• **Data extract**

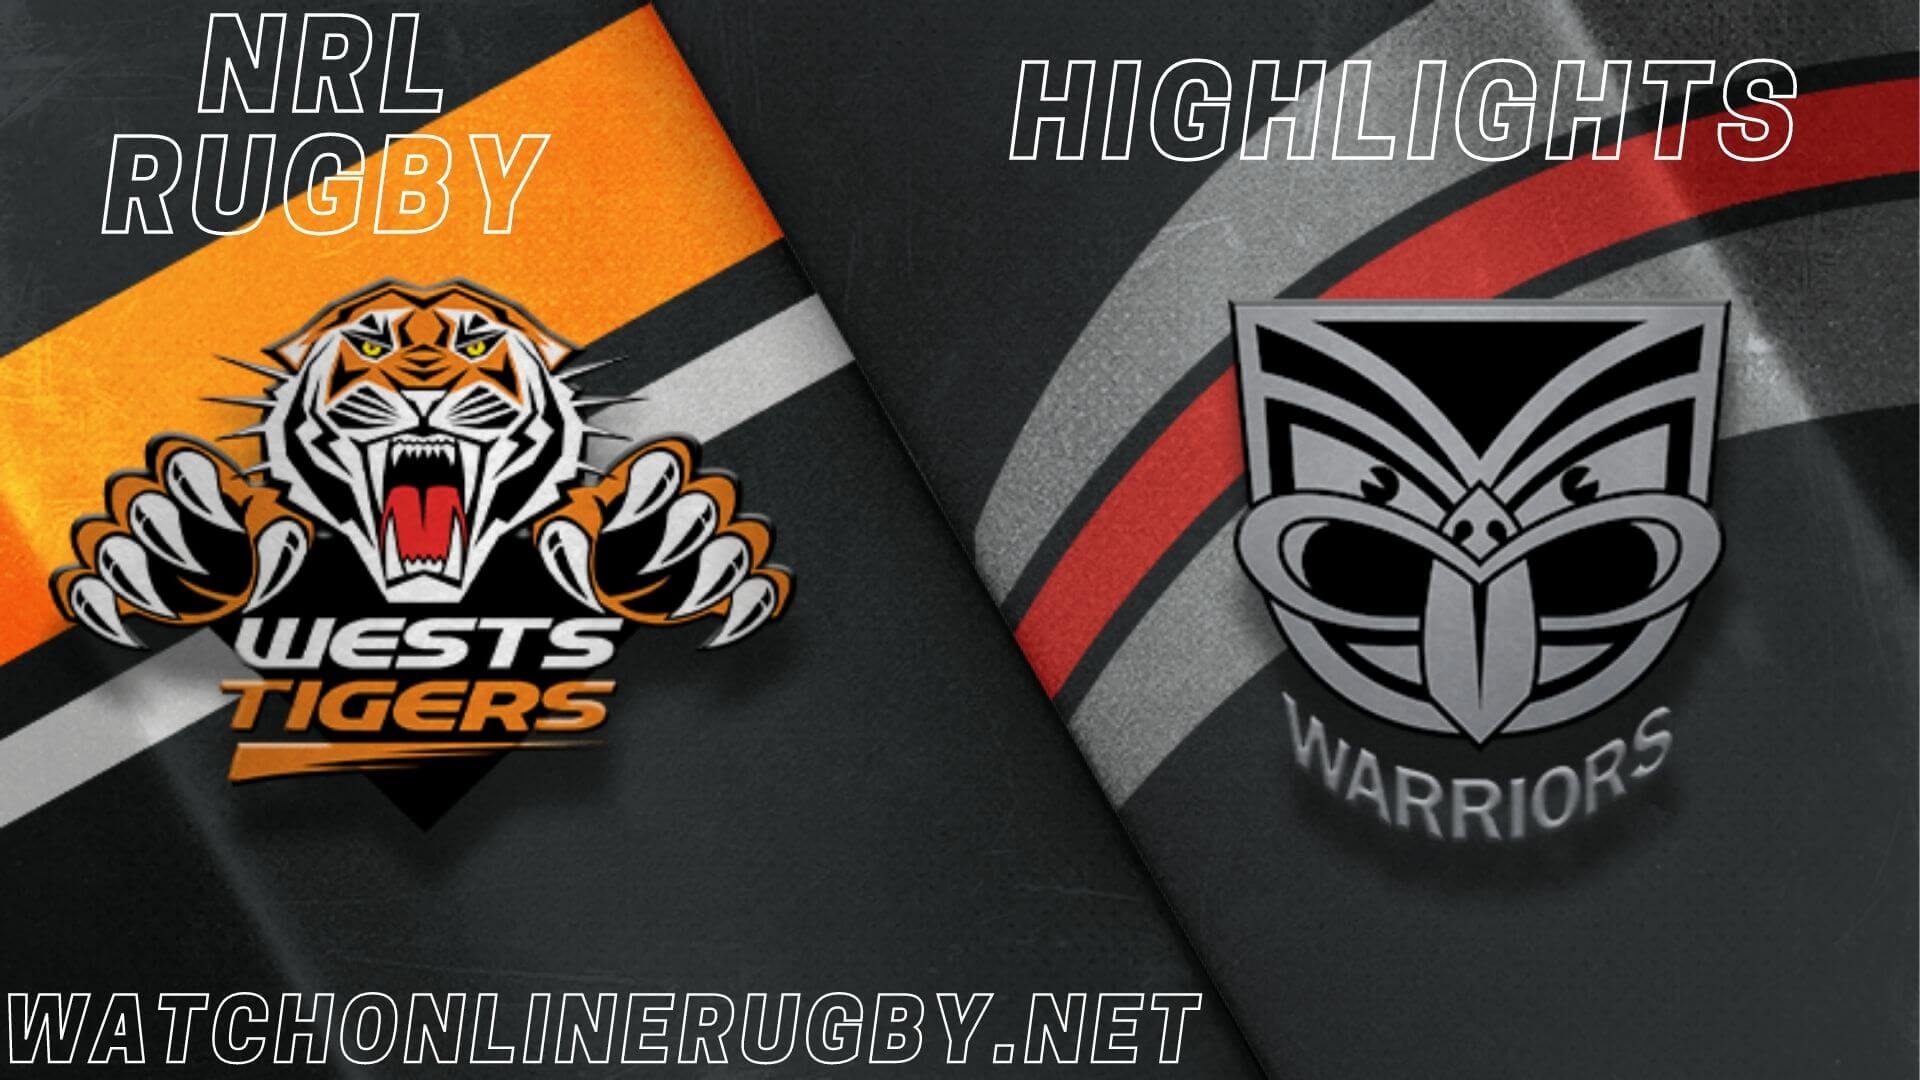 Wests Tigers Vs Warriors Highlights RD 3 NRL Rugby
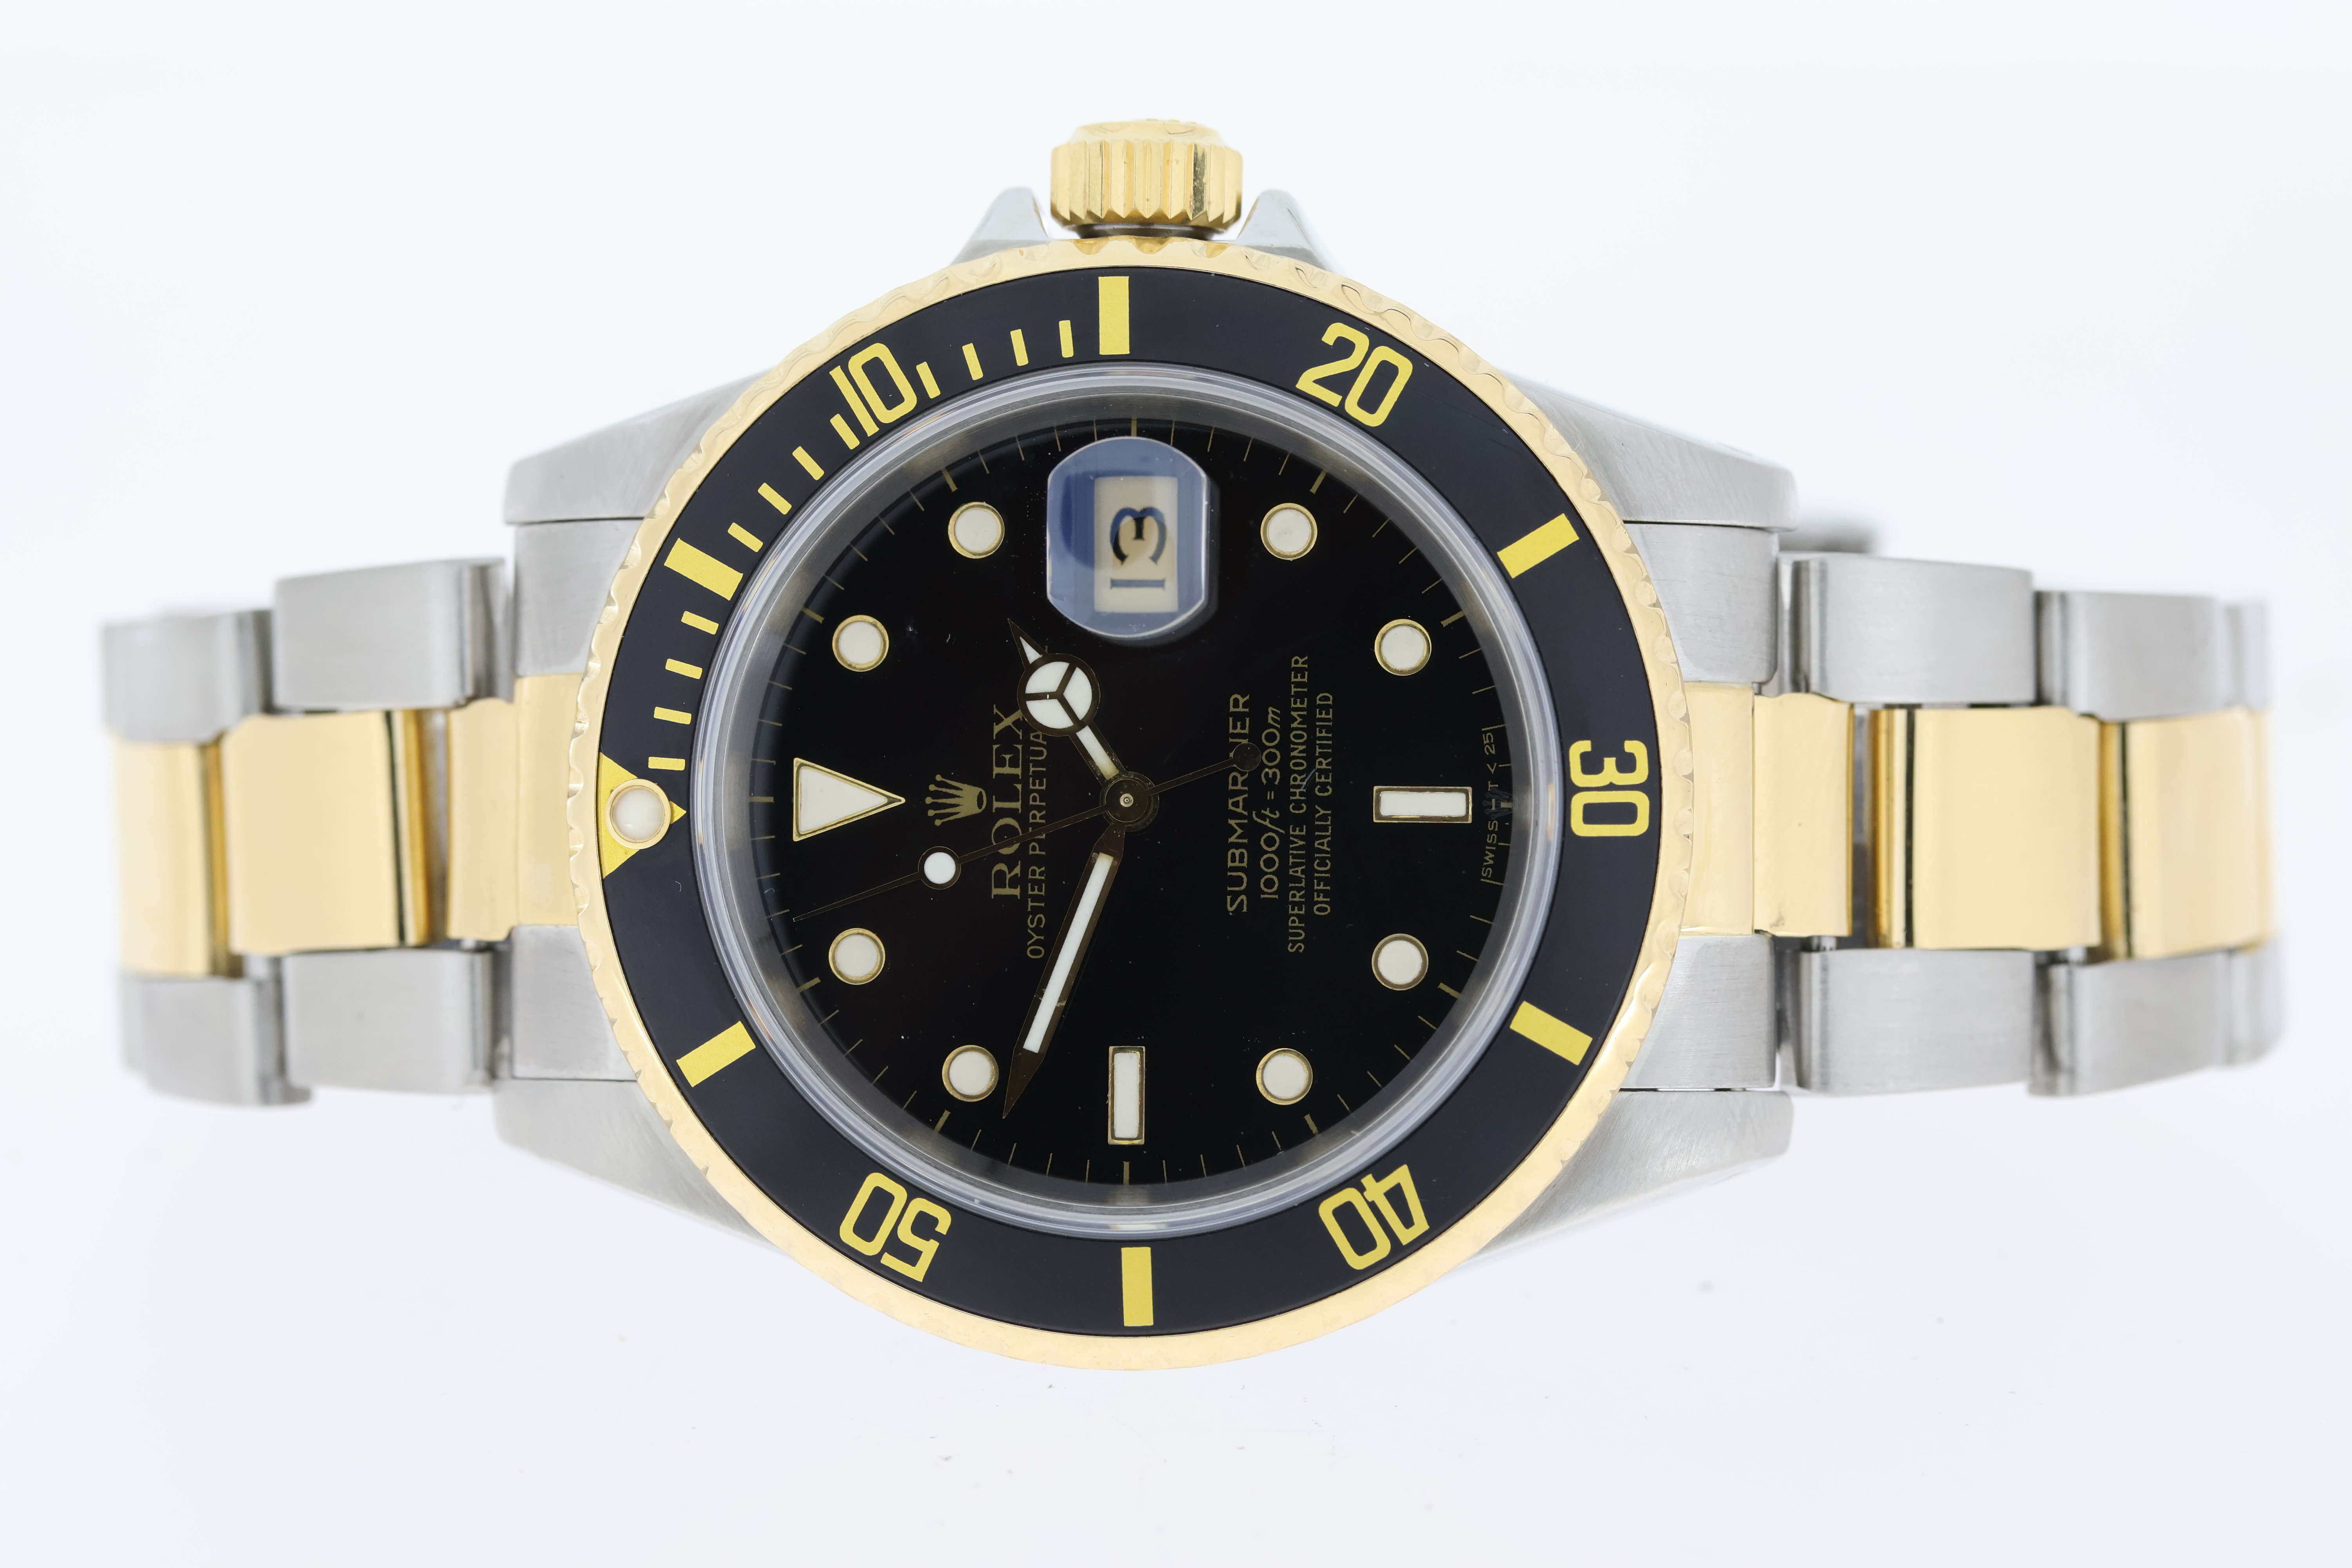 Rolex Submariner Date Reference 16613 with Box and Papers Circa 1990 - Image 2 of 5
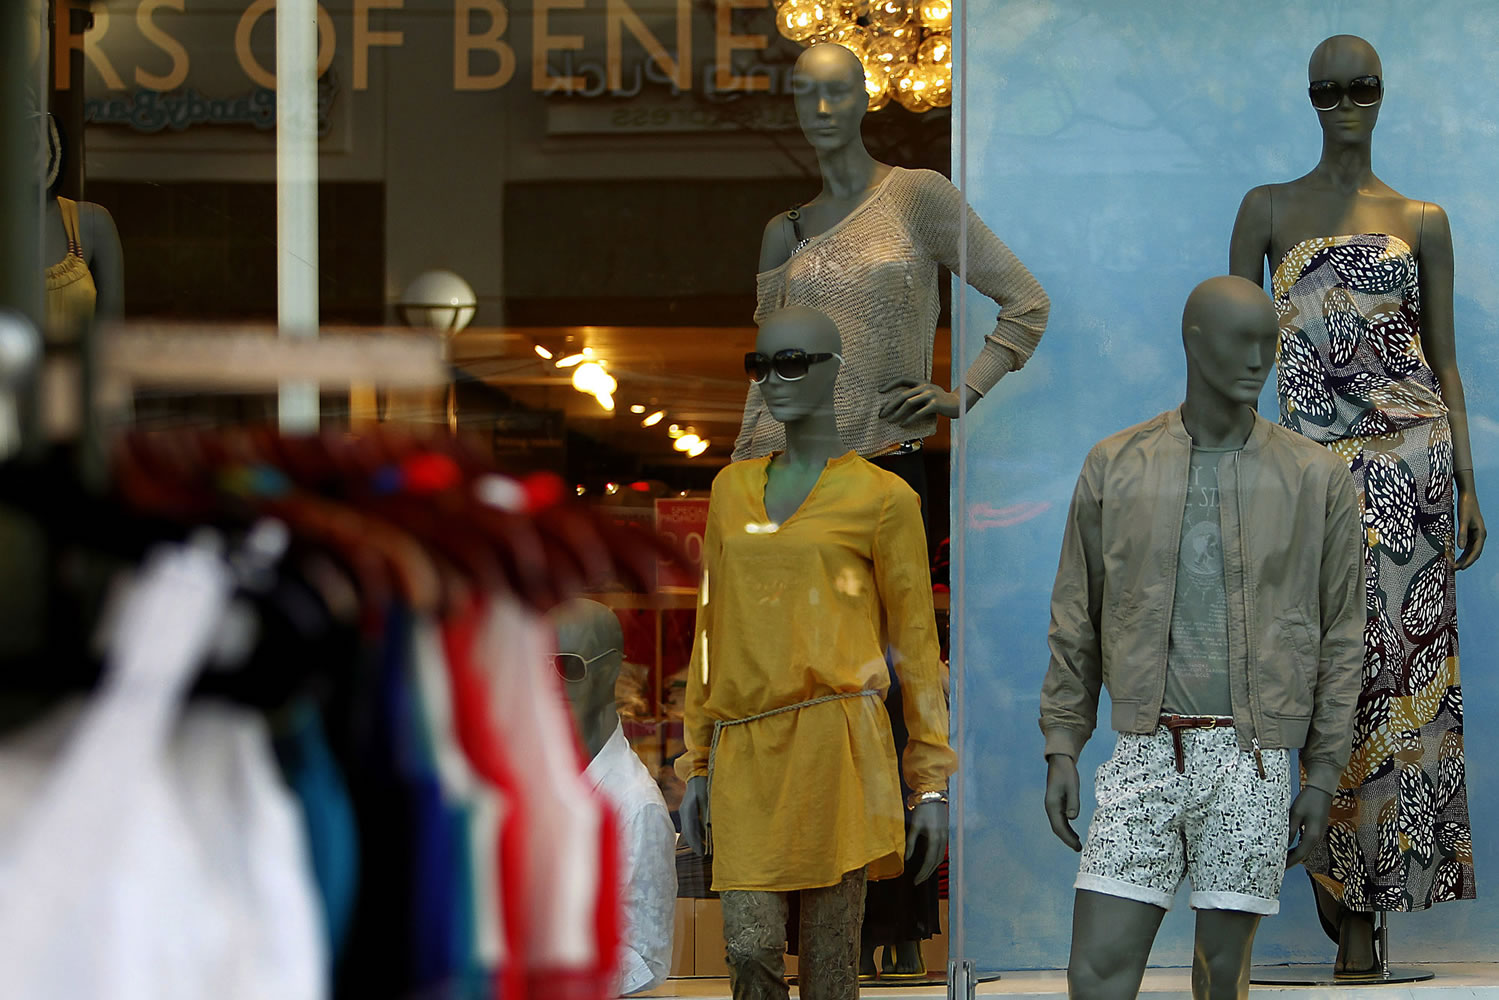 Benetton is among retailers introducing the EyeSee mannequin to glean data on customers, much as online merchants are able to do.

• **How to complete this task**
Every line above should be repeated exactly; pictures stay out of the copy.

• **Expected output**
 Wests Tigers Vs Warriors Highlights RD 3 NRL Rugby
 Rolex Submariner Date Reference 16613 with Box and Papers Circa 1990 - Image 2 of 5
 Benetton is among retailers introducing the EyeSee mannequin to glean data on customers, much as online merchants are able to do.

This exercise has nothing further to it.